UPDATE: As usual, ahead of the curve. Sir Bob Geldof is lavishing praise on the Bush administration for its aid to Africa:
“It’s no small legacy,” he added, and Bush has “set the bar quite high” for Barack Obama or John McCain.
Instapundit commented:
The press will tell the story eventually. But not until after the election.
UPDATE2:
While we’re on the subject of partisanship and science, I thought I’d point out Bill Maher’s peculiar feelings about vaccines. Larry King interviewed him back in 2005 and explored his worldview, which resulted in this exchange:
KING: You wouldn’t say the Salk vaccine was a bad idea.
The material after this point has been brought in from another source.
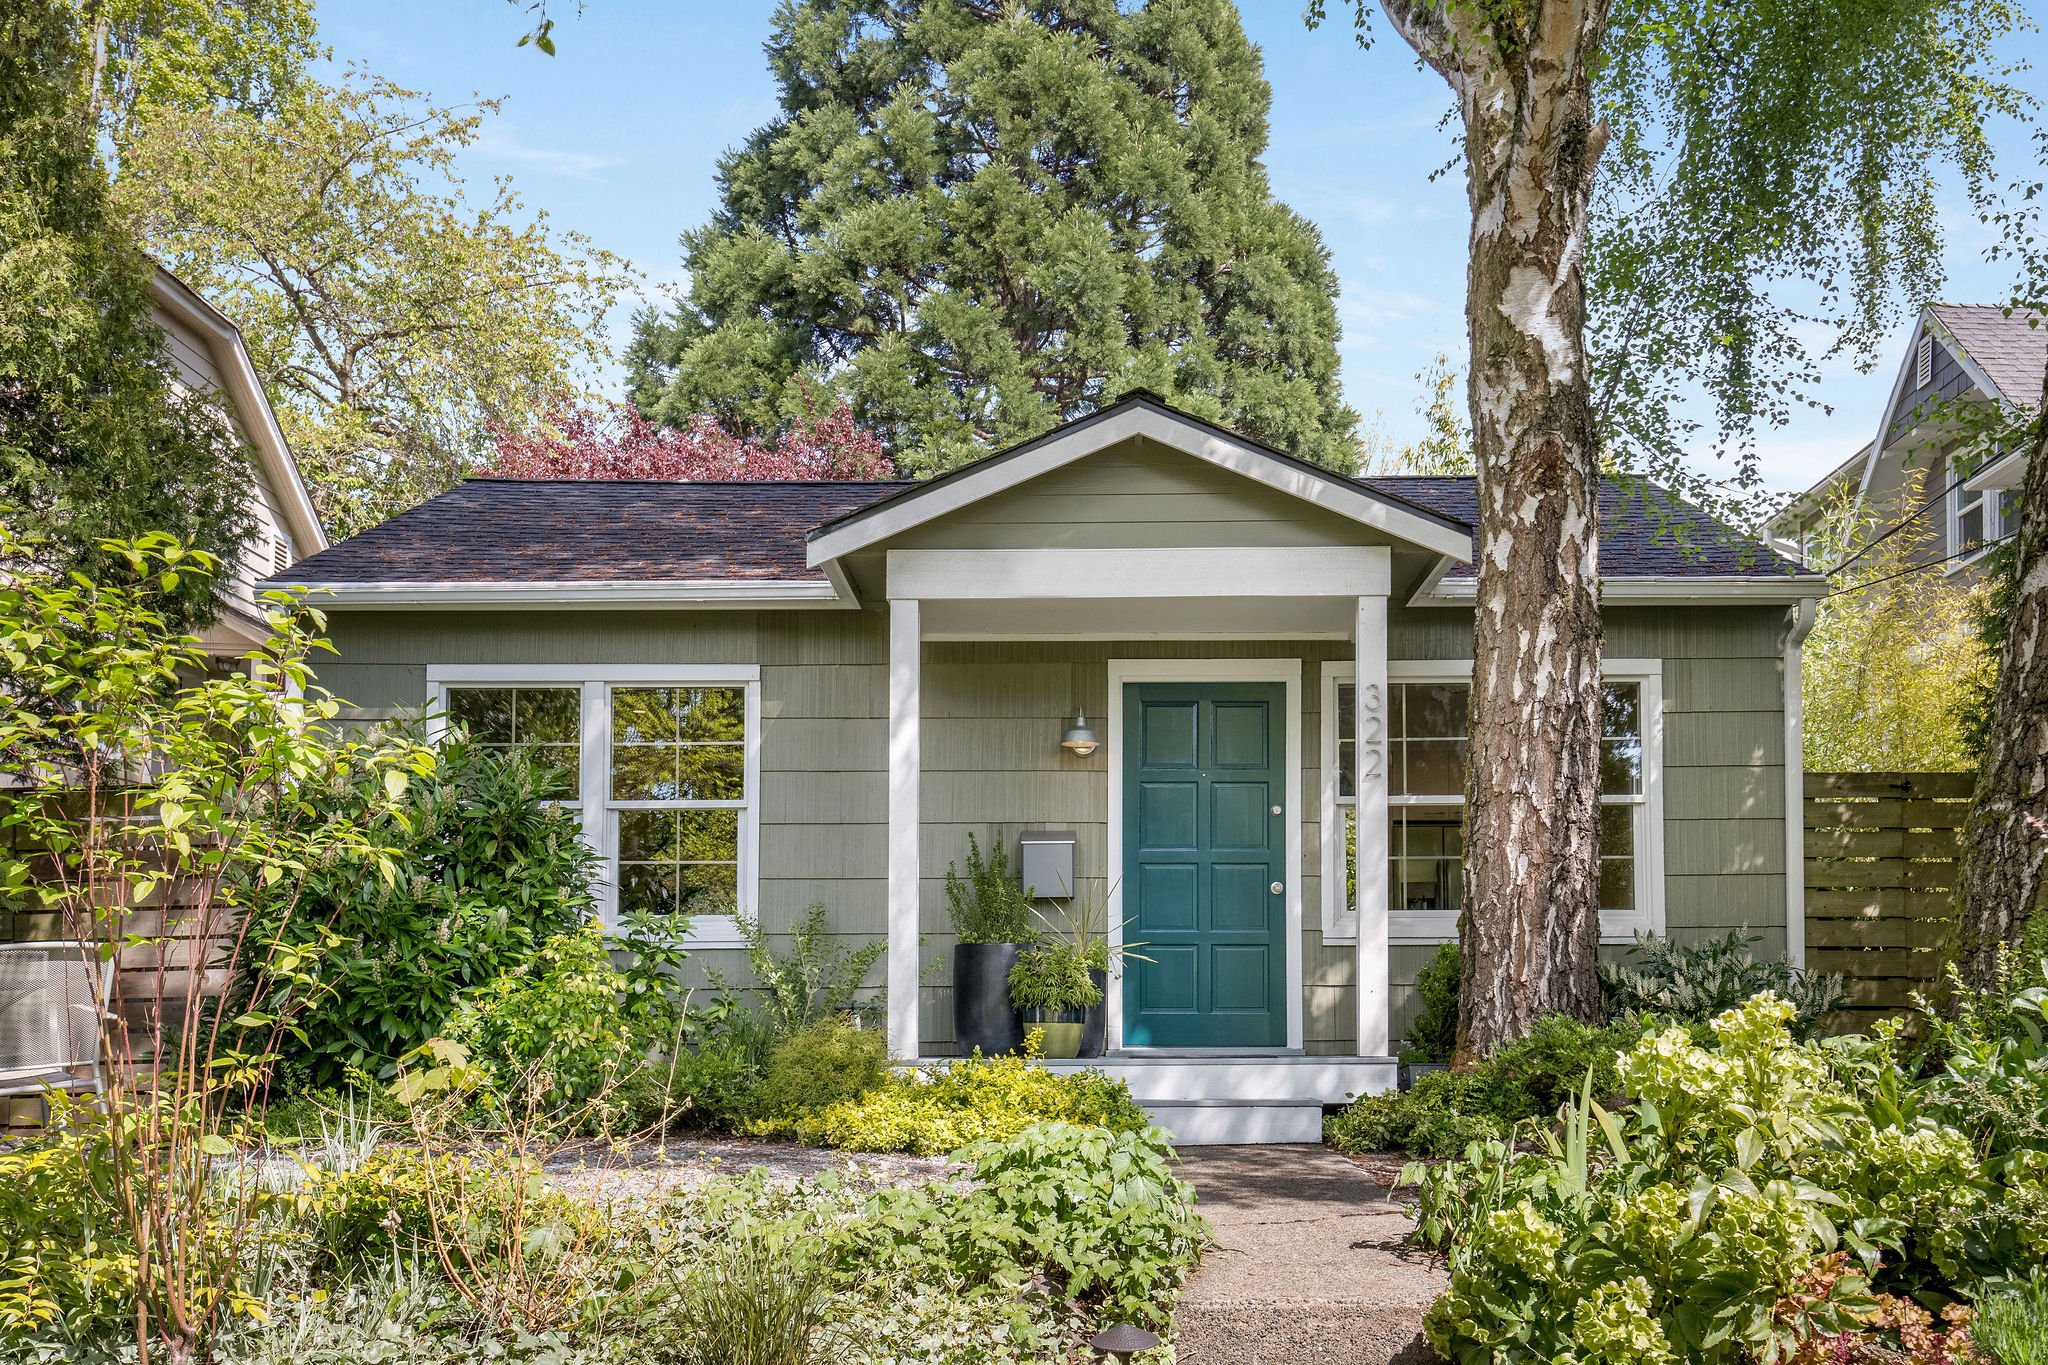  image description: exterior of green one story cottage with garden and yard

MAHER: That’s somewhat of a different case, yes.
KING: Polio was eliminated.
MAHER: Yes but, you know, there are many books out that will — that will — and I’m not well enough versed on it to talk about it that will indicate that there are other reasons why it was. And a lot of diseases that have been they say, whoa, this was eliminated because of a vaccine, they find out well no actually the country got toilets and that’s what happened.
You can also read his opinion that flu vaccines are just another way for Big Pharma to con us out of our paychecks. So it seems like Bill Maher doesn’t think vaccines had much to do with eliminating polio. Funny, I thought he was a liberal.